At the moment, if you add "elite clones", the camera follows the stack (but all are exactly on top of each other) and it's a bit slow.
This is very fun, I love playing around with genetic algorithms and watching them evolve. How exactly does the simulation work? Does it stop after a certain amount of time, or do they burn fuel or something? Are they selected for distance, or how long they survive, or what?
I can't answer all the questions but it seems that the current generation is tested until it can no longer make progress for a certain amount of time (displayed as the bar next to its number decreasing, only to be refilled when exceeding its current maximum distance.)
For those of you interested in GAs, I built a small Ruby gem to make building genetic algorithms a little easier: https://github.com/dorkrawk/darwinning
That's my favourite genetic algorithm page , also worth check is this http://boxcar2d.com/index.html where you can create your car and see the best created.
This was a lot of fun.

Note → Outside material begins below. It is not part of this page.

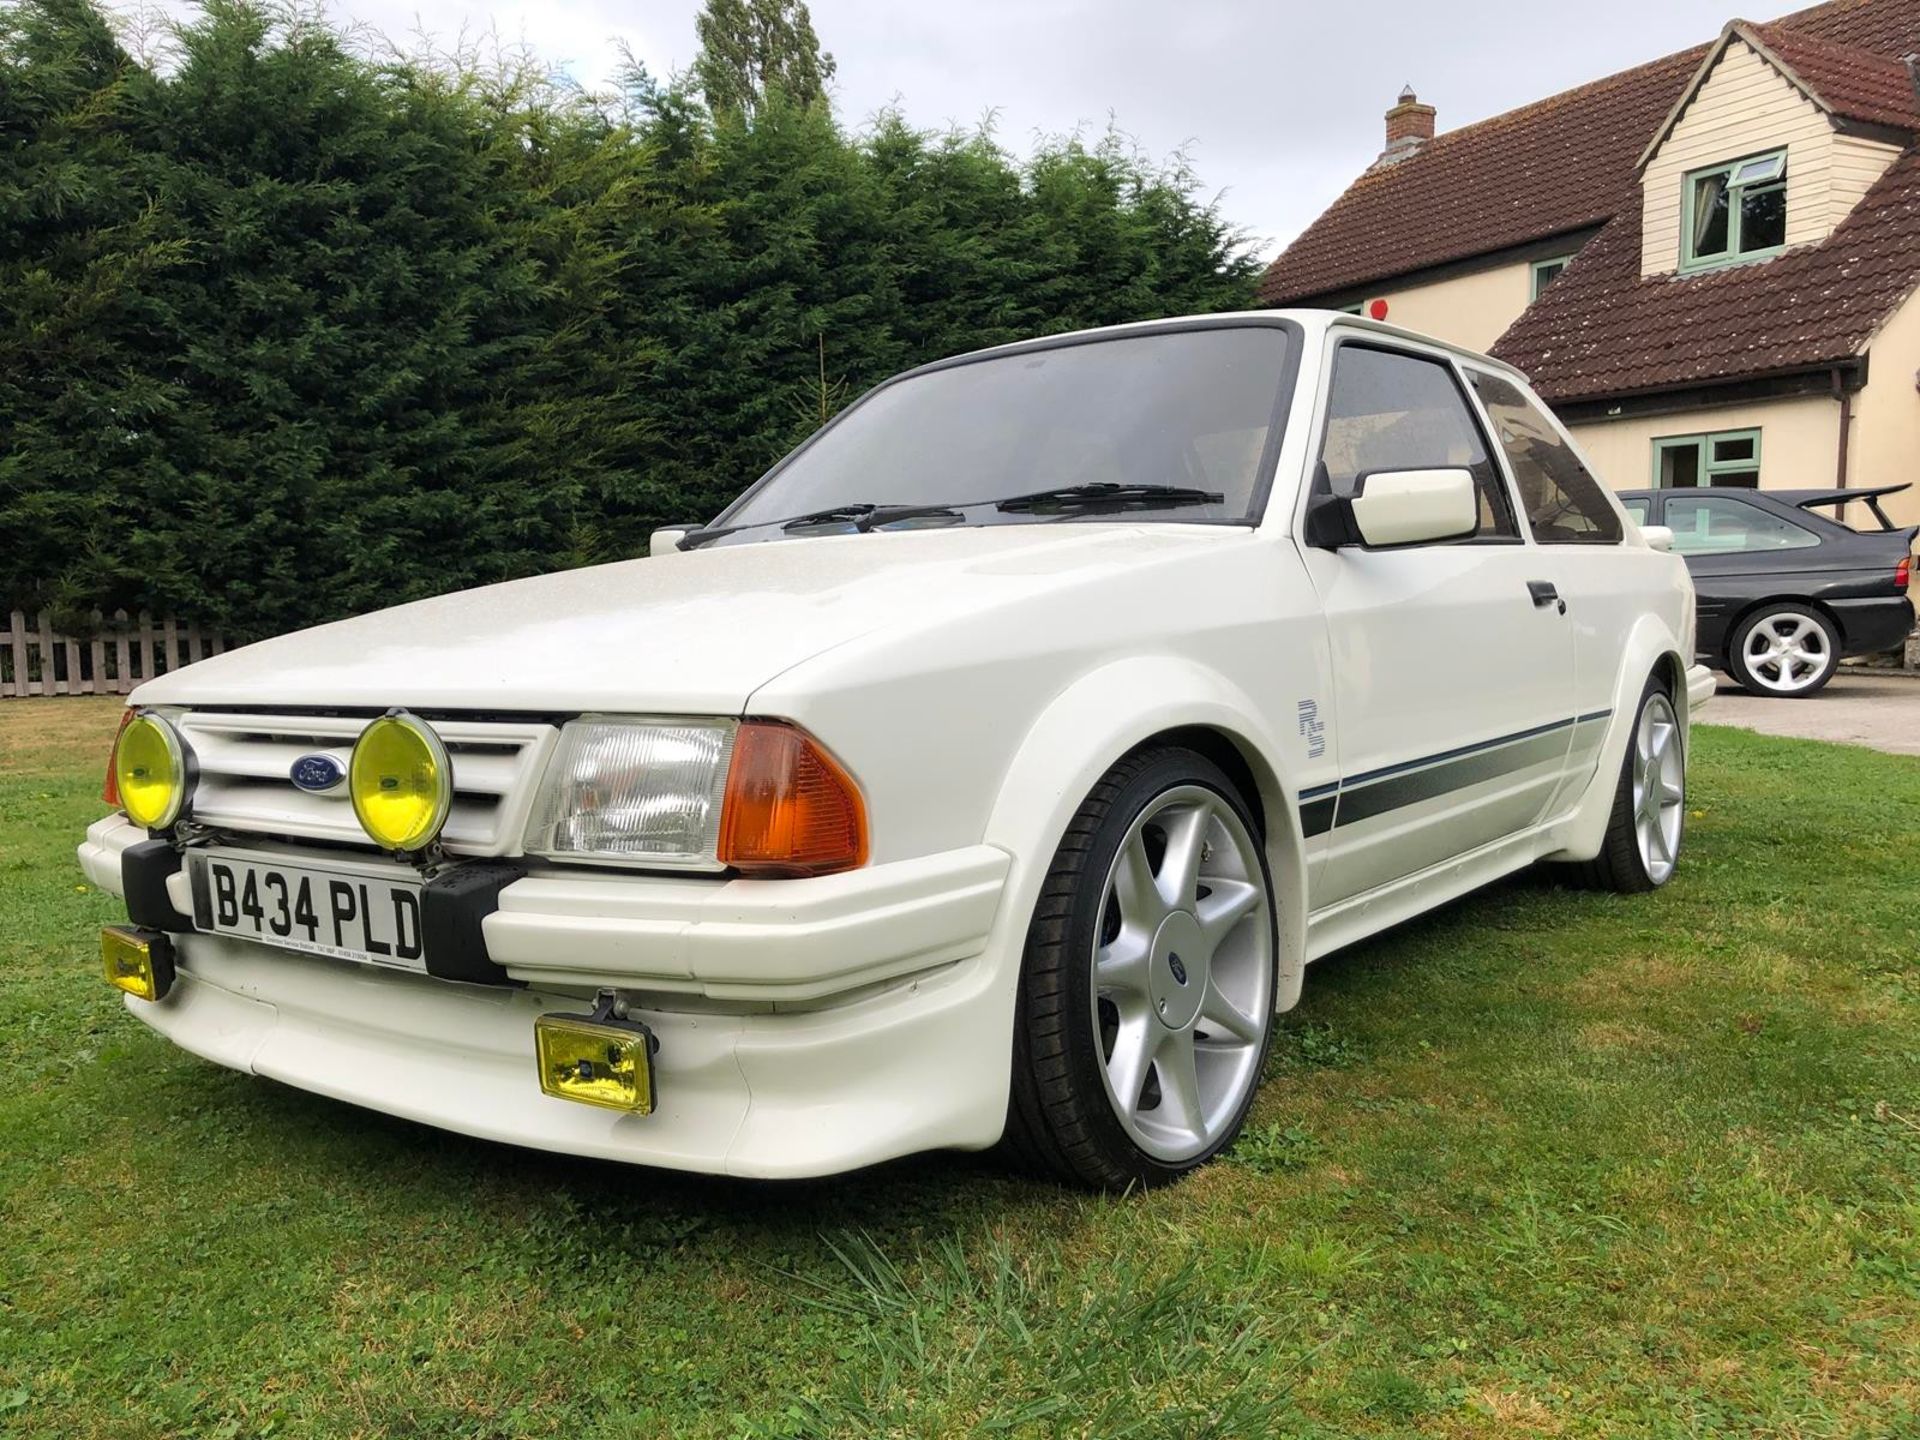 1985 Ford Escort RS Turbo Series 1 Registration number B434 PLD Diamond white with a grey Recaro - Image 57 of 79

A suggestion for improvement might be to weight where the changes can come (so more or less likely to change wheelbase, or more or less likely to change height, etc) But overall very nicely done.
Hmmm mine just grew into giant two wheels essentially. Started with high mutation, then when I saw one reach about 160 put it to 3% mutations with 5 clones and slowly increasing every time
Awesome! A really cool version of this would let the user write their own algorithm and then have users compete against each other for whose algorithm can evolve the best car.
World seed "schnoo" has a particularly tough hill from 125-145 that several different models can almost but not quite overcome. Anyone able to get over it?
As mentioned already you mean gene, but yes you can and he does already with the wheel density, giving the darker ones more mass than the lighter ones.
In my instance, there are two predominant "types" of cars that are doing approximately equally well--the "rhinoboat" and the "assdragger". But when these two solutions are combined in the crossover, I think they make an offspring that is terrible.
If the algorithm would mate only the rhinoboats with rhinoboats and assdraggers with assdraggers, I'm convinced we'd end up with some superrhinoboats and superassdraggers, but instead I just get an unhappy compromise.
Maybe make "similarity to self" one of the genotype parameters. A high rating here would mean the phenotype would have a bias against being combined with dissimilar creatures. This allows the propensity towards speciation to develop evolutionarily, too.